Model estimates from linear models are reported as unstandardized regression coefficients (β), which reflect the expected change in the outcome for a one-unit change in the predictor. For generalized (logistic) models, coefficients are exponentiated and reported as odds ratios (ORs) to facilitate interpretation. For all models, we report 95% confidence intervals (CIs). For linear mixed-effects models, we report 95% profile-likelihood CIs. For logistic models, we report Wald CIs due to numerical instability of profile-likelihood intervals in these models. These CIs are also converted to odds ratios for easier interpretation. A 95% CI provides a range of values that are compatible with the observed data under the model; narrower intervals indicate greater precision in estimating the effect size (Greenland et al., 2016). Because the sample size was determined by feasibility constraints rather than an a priori power analysis, the reported 95% confidence intervals are especially informative, as they quantify the precision of our effect size estimates and the degree of uncertainty associated with the present sample. For linear models, CIs that include 0 indicate that the data are compatible with both positive and negative effects. For logistic models, because the CIs have been converted to odds ratios, CIs that include 1 indicate that the data are compatible with both increased and decreased odds. In both cases, intervals that exclude 0 (linear models) or 1 (logistic models) indicate that the estimated effect differs from the null value at the α = .05 level. The simple slopes for any significant interactions were investigated using the emmeans package (Lenth, 2025). 

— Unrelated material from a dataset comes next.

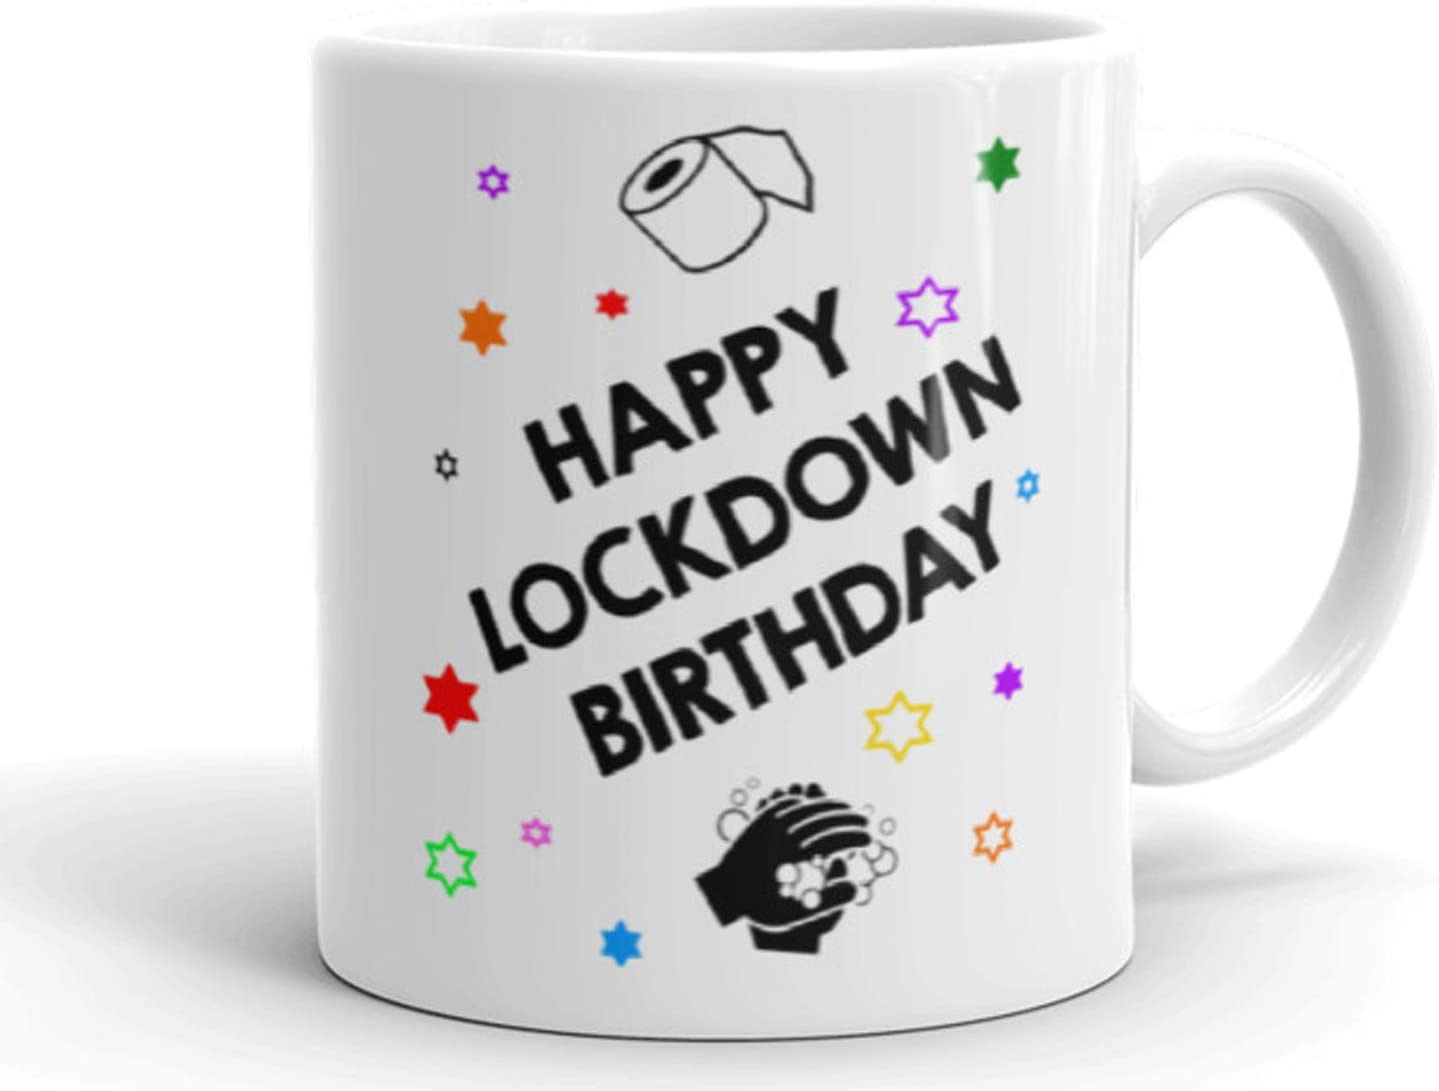 Happy Lockdown Birthday Mug Social Distance Mug Happy Birthday Mug Lockdown

As suggested by an anonymous reviewer, we also fit Bayesian versions of each model corresponding to our research questions using the brms package in R (Bürkner, 2017). Consistent with our preregistration, the frequentist models remain our primary analyses; the Bayesian models were included to evaluate the robustness of the findings under an alternative inferential framework. Bayesian estimation provides several advantages, including full posterior distributions for all parameters, direct probability statements about effects, and partial pooling of random effects that can improve estimation stability (Gelman et al., 1995). Overall, the Bayesian analyses yielded effects that were similar in direction and magnitude to those obtained from the frequentist models; any notable deviations are described in the manuscript. Priors, model specifications, and results for these analyses can be found in Appendix E. 

Results

Figure 1. A) Proportion of utterances coded as “in-story” within each transcript, separated by speaker and plotted by child age (months). “Other” speakers were primarily parents and interviewers (96%), with the remainder consisting of grandparents, friends, or siblings of unknown age. Proportions were calculated separately within each speaker (i.e., the proportion of that speaker’s utterances coded as in-story), rather than as a proportion of the total transcript; therefore, child and other proportions are not complementary. B) Number of story beginnings per transcript by age and speaker who started the story. Note that our coding scheme allowed for multiple speakers to contribute to the same story.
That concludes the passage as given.